Australië: wij zijn allemaal medeplichtig!


Iedereen is ontroerd door de beelden van Australië die ons via de media bereiken. Ik ook, maar wat mij het meest schokt, zijn niet de rode beelden van die vuurzee, het is niet die kangoeroe die tracht te ontkomen, of de walibi die aan de prikkeldraad gegrild is. Het is niet het schattige koalabeertje dat van een flesje drinkt en daarbij de hand vasthoudt van de man die het hem geeft. Wat mij het meest schokt is de totale afwezigheid van het besef dat wij allemaal medeplichtig zijn! Medeplichtig aan het in brand steken van het huis waar we allemaal in wonen.



Ik weiger te geloven dat de opwarming van de aarde een probleem is dat veroorzaakt en gehandhaafd wordt door enkele rijke industriëlen en dat enkel zij hier verandering in kunnen brengen. Aan het begin van elk productieproces staat een consument met een vraag. Aan het einde van de leveringsketen staat een consument met een creditcard. En ja, met consument bedoel ik jou en mij. Als wij niet meer zouden kopen, of minstens duurzamer zouden kopen, dan zouden producenten ook niet meer produceren. Wat niet meer verkocht wordt, zal niet meer geproduceerd worden! Dit ontkennen is iets te gemakkelijk. Het is niet aan die industriëlen om ons te vertellen wat wij nodig hebben.

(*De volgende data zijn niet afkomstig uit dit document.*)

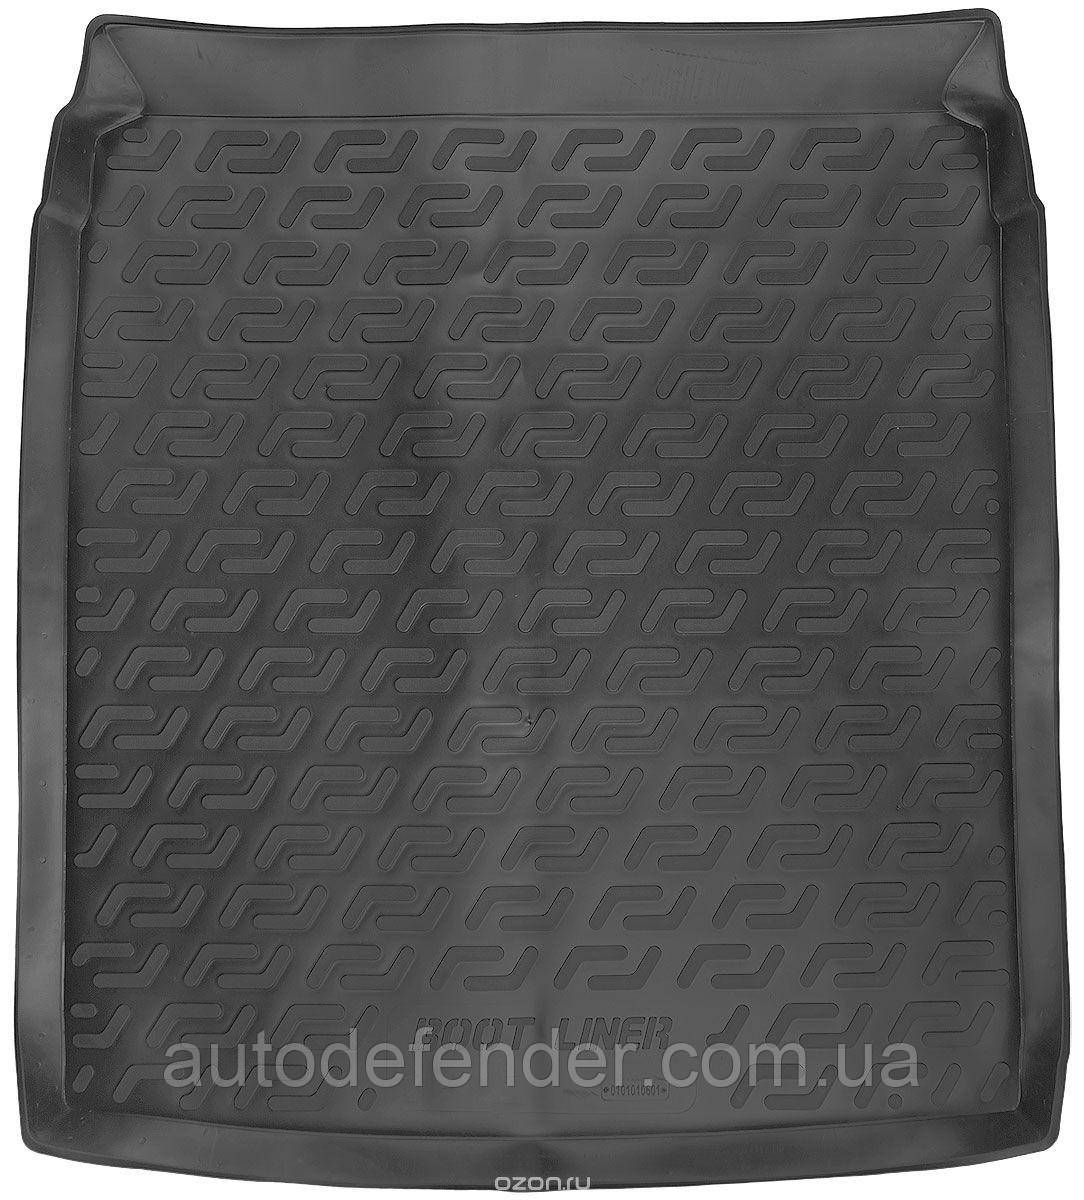 Килимок в багажник для Volkswagen Passat B7 2010-14 седан, резино/пластиковий (Lada Locker)

Om dezelfde reden weiger ik te geloven dat dit iets is wat enkel door politici kan worden opgelost. Dat is ook iets te gemakkelijk. Je moet niet wachten tot er een verbod komt op plastic zakjes of dieselmotoren, of tot om het even wat onze planeet langzaam (of in sneltempo) aan het vernietigen is. Je kunt zelf beslissen om iets niet langer te gebruiken. Politici zijn vaak ook maar marionetten van ….tja…. en de meesten onder hen zijn toch alleen maar bezig met het vullen van hun eigen zakken, of het verzekeren van de volgende verkiezingszege.



Ook het argument dat vervuiling – en massaconsumptie in het algemeen – niets te maken heeft met de opwarming van de aarde is niet waar. Heb je jezelf ooit afgevraagd wat de echte kostprijs is van goedkope kleding, of die online bestelling uit China van dat gadget dat je denkt “nodig” te hebben? Begrijp jij je emissies als je op een zondagochtend in de wagen stapt om die vier croissants te gaan halen bij de bakker? Begrijp jij het ecologische prijskaartje van de plastiekverpakking van die fancy gezonde lunch die bij jou aan de deur wordt geleverd? De meesten onder ons niet.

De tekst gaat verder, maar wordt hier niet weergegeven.